Male and female brains aren’t equal when it comes to fat

Researchers have found that male and female brains respond in remarkably different ways to high-fat meals. Those differences in the brain lead to greater inflammation and increased health risks in males that indulge on fatty foods in comparison to females, a new study in mice shows. The findings reported in the Cell Press journal Cell Reports on October 16th may help to explain observed differences in obesity outcomes between women and men – premenopausal women carrying extra weight fare better than men do – and suggest that dietary advice should be made more sex-specific.

"Our findings, for the first time, suggest that males and females respond to high-fat diets differently," said Deborah Clegg of the Cedar-Sinai Diabetes And Obesity Research Institute in Los Angeles. "The data would suggest that is probably ‘ok’ for females to occasionally have a high-fat meal, where it is not recommended for males.

"The way we treat patients and provide dietary and nutritional advice should be altered. We might be less concerned about an occasional hamburger for women, but for men, we might more strongly encourage avoidance, especially if they have pre-existing diseases such as heart disease or type 2 diabetes."

Earlier data from Clegg’s team and others had suggested that inflammation in the brain is tied to overeating, blood sugar imbalances, and increased inflammation in other parts of the body, including fat tissue. Those effects can be triggered, in males in particular, by short-term exposure to a high-fat diet.

The researchers say they were initially shocked to discover that male and female brains differ in their fatty acid composition. When they manipulated male mouse brains to have the fatty acid profile of females, they found that those animals were protected from the ill effects of a diet high in fat.

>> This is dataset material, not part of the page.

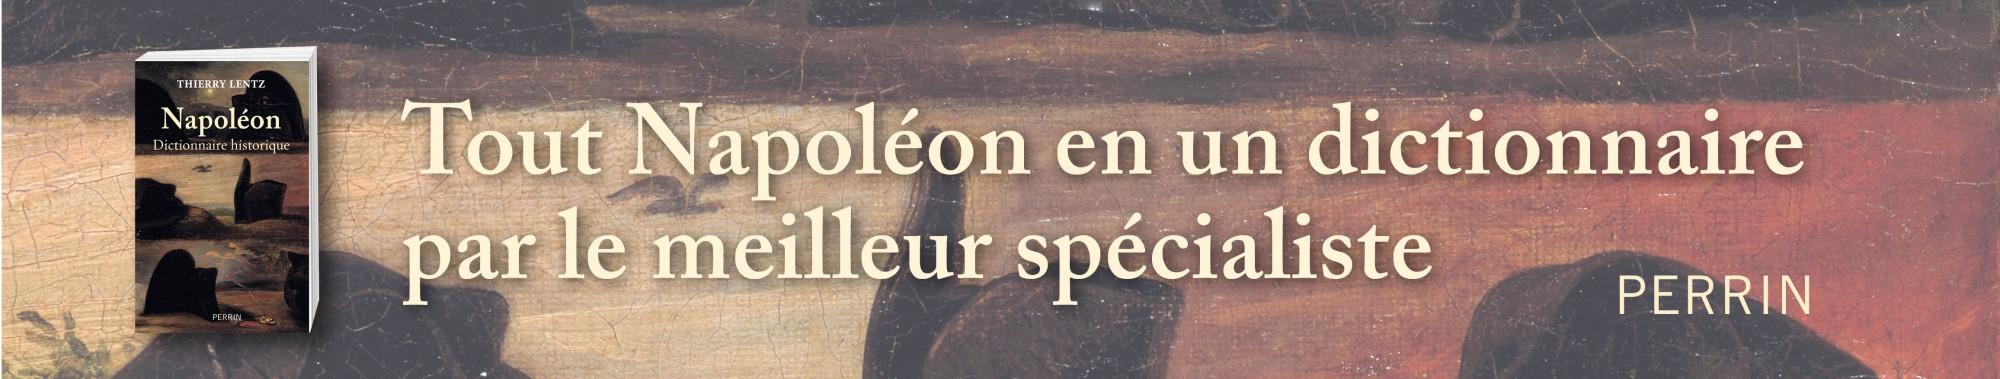 Napoleon dictionnaire historique -Perrin

When males with average male brains entered an inflammatory state after eating diets high in fat, they also suffered from reduced cardiac function in a way that female animals in the study did not. Those sex differences in the brain’s response to fat are related to differences between females and males in estrogen and estrogen receptor status.

Clegg says her team is now working out a strategy to confirm whether the findings in mice apply to people too. If they do, there will be some very immediate practical implications for what men and women should put on their plates.

"We have always had ‘one size fits all’ with respect to our nutritional information and our pharmaceutical approach," Clegg said. "Our data begin to suggest that sex should be factored in, and men should be more closely monitored for fat intake and inflammation than women."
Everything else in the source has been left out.